Practical applications - Enterprise operations: customer support, order management, and scheduling (τ‑bench domains) with verifiable action traces. - Agent evaluation and data generation platforms: a drop‑in environment builder to synthesize diverse, testable tool-use tasks for training/evaluation at scale. - Safety and reliability: state‑based verification and exact‑match filters can be adapted as guardrails and auditing tools for production agents.

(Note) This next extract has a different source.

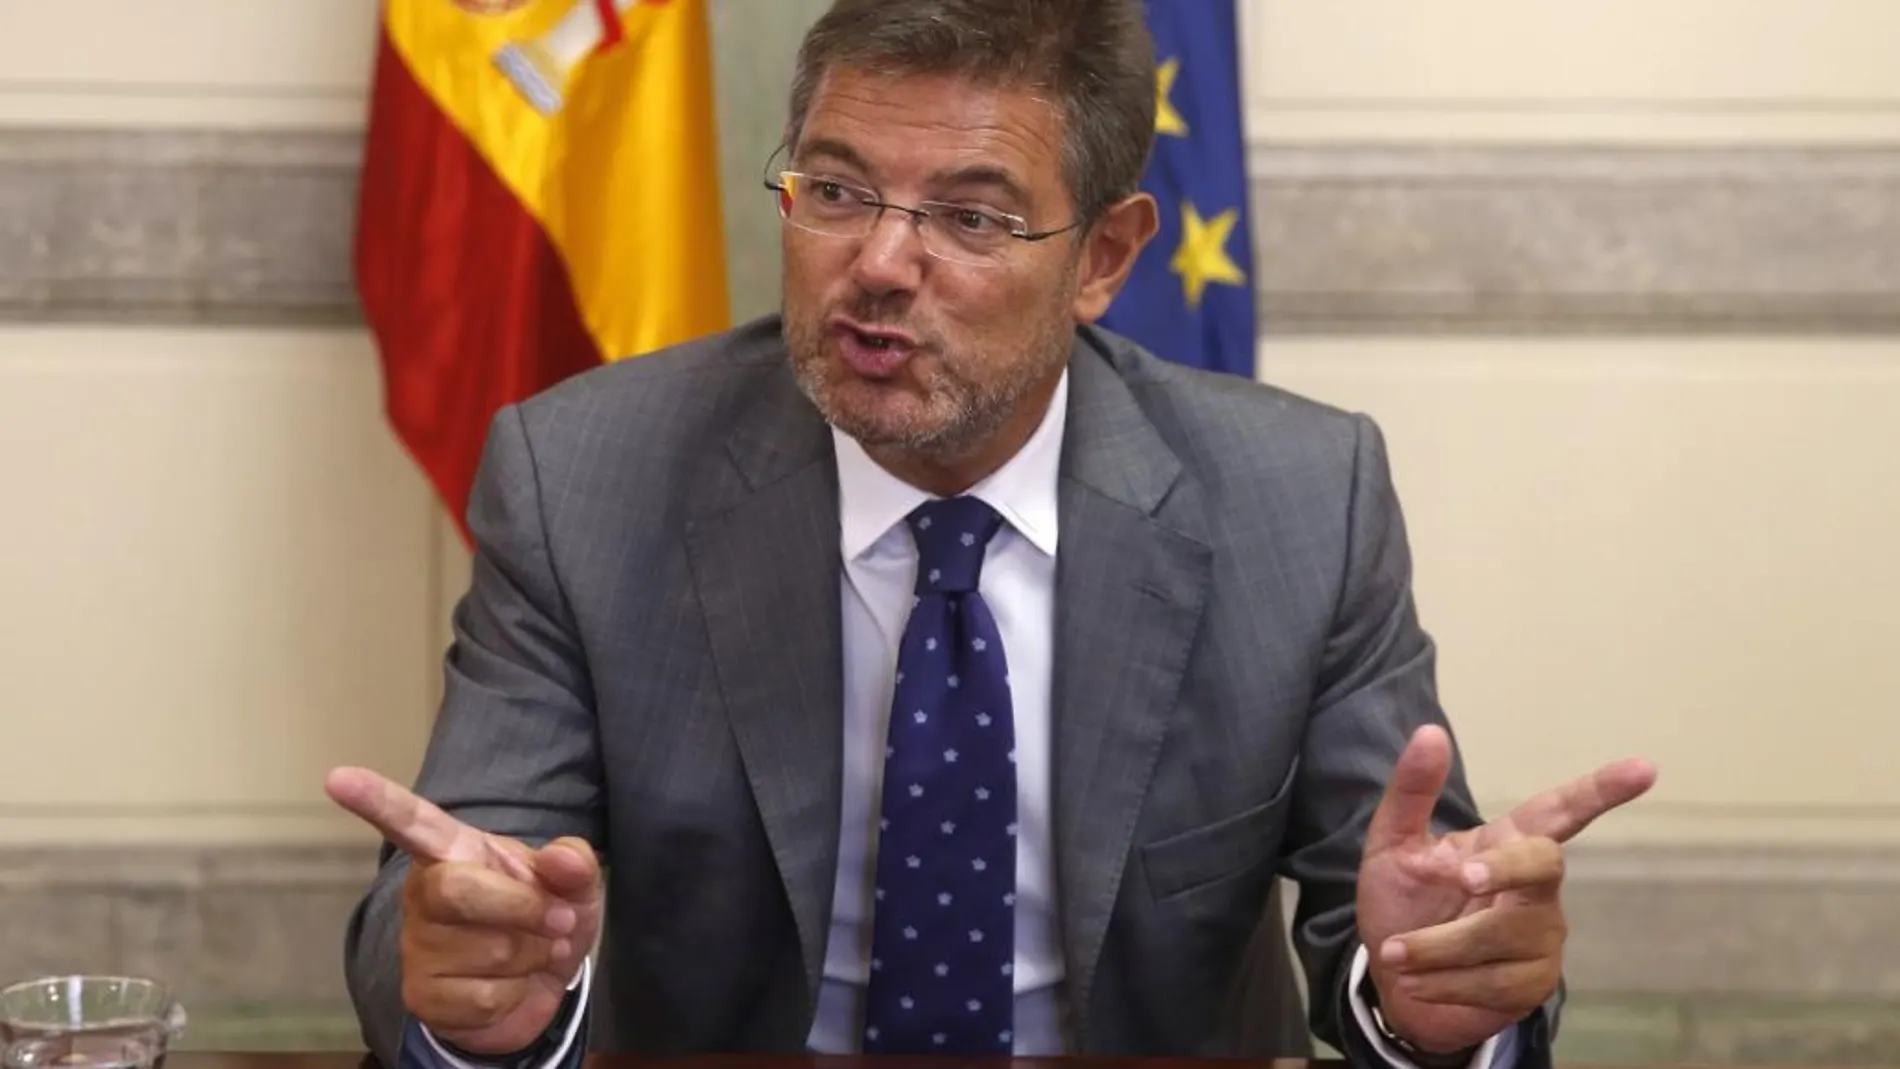 El ministro de Justicia en funciones, Rafael Catalá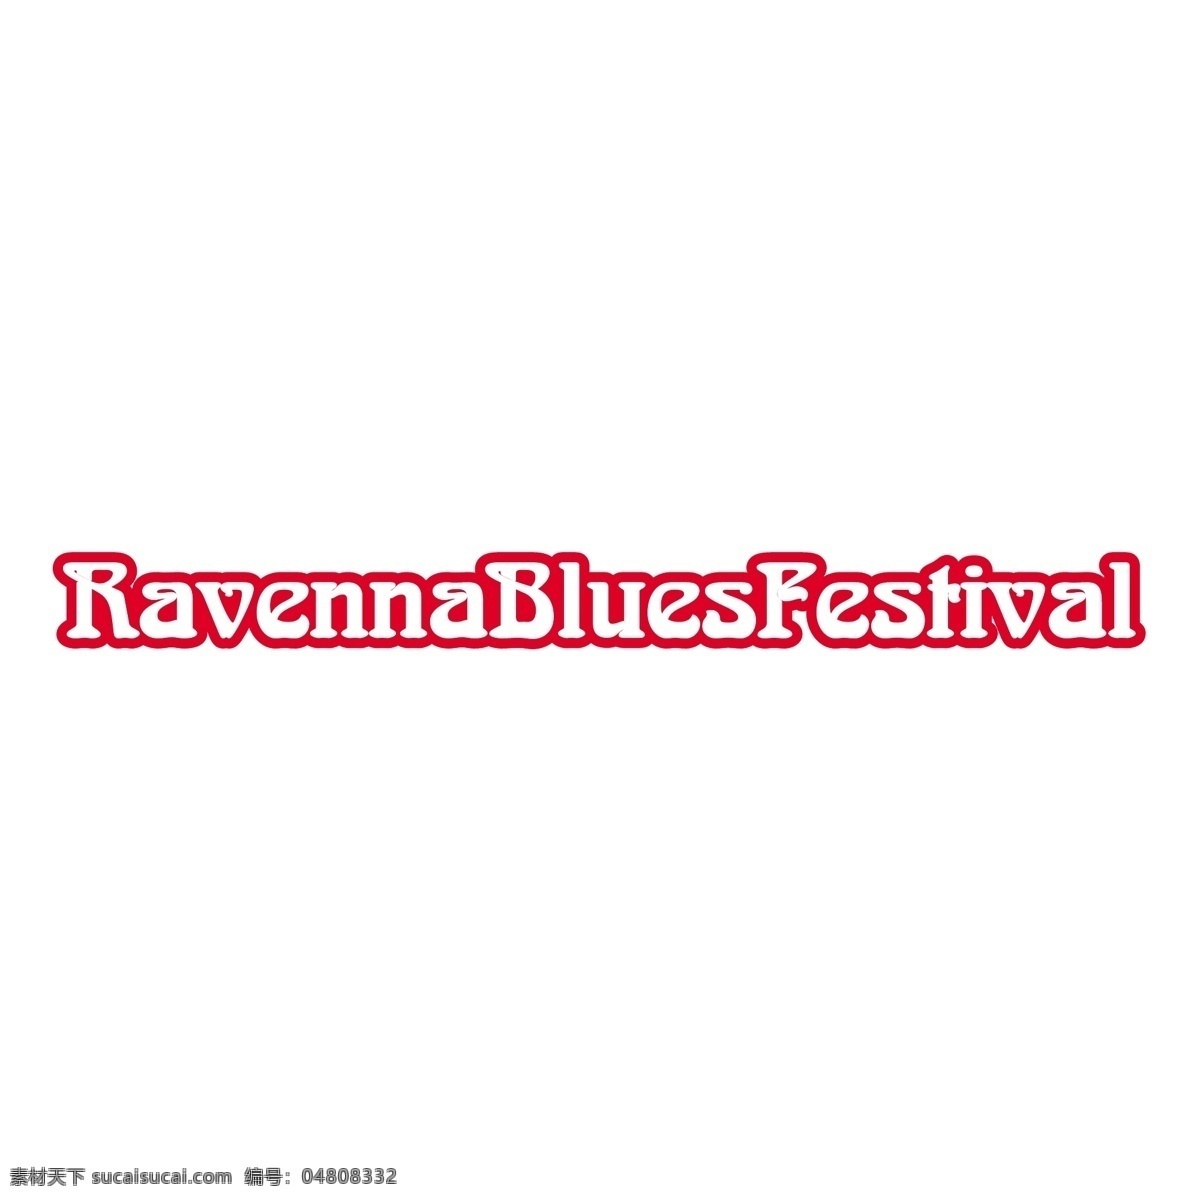 拉 文纳 蓝 调 音乐节 节 布鲁斯 拉文纳 矢量图 其他矢量图

Representative supporting quotes and pointers - On environment abstraction and verification:
“each function … can be assigned an operator type … over the database D … enabling verifiability at both the environment level and the tool‑argument response level.” (Section 2; Figure 1) - On the graph-based domain scaling: Equation (1) defines edges via parameter‑similarity; domains come from Louvain community detection with an LLM refinement pass. (Section 2.1) - On training supervision: Equation (2) masks human text and tool responses, optimizing only assistant tool calls and replies while conditioning on the rest. (Section 3.2) - On main results: Table 1:
AgentScaler‑30B‑A3Bachieves ACEBench‑en Overall 75.7 and τ²‑Bench Retail/Airline/Telecom 70.2/60.0/55.3, competitive with much larger open models. - On stability and long‑horizon challenges: Figure 4 showspass^kdeclines with k but AgentScaler is consistently above its Qwen3 base; Figure 5 shows accuracy decreases as tool‑call counts increase.
In sum, AgentScaler delivers a principled, scalable route to train and evaluate tool‑using agents by turning the “environment” into a first‑class, verifiable object. The combination of environment scaling, trajectory filtering anchored in state verification, and two‑stage training yields strong empirical gains, especially for smaller models, and opens the door to RL, longer‑horizon planning, and sim‑to‑real deployment pipelines.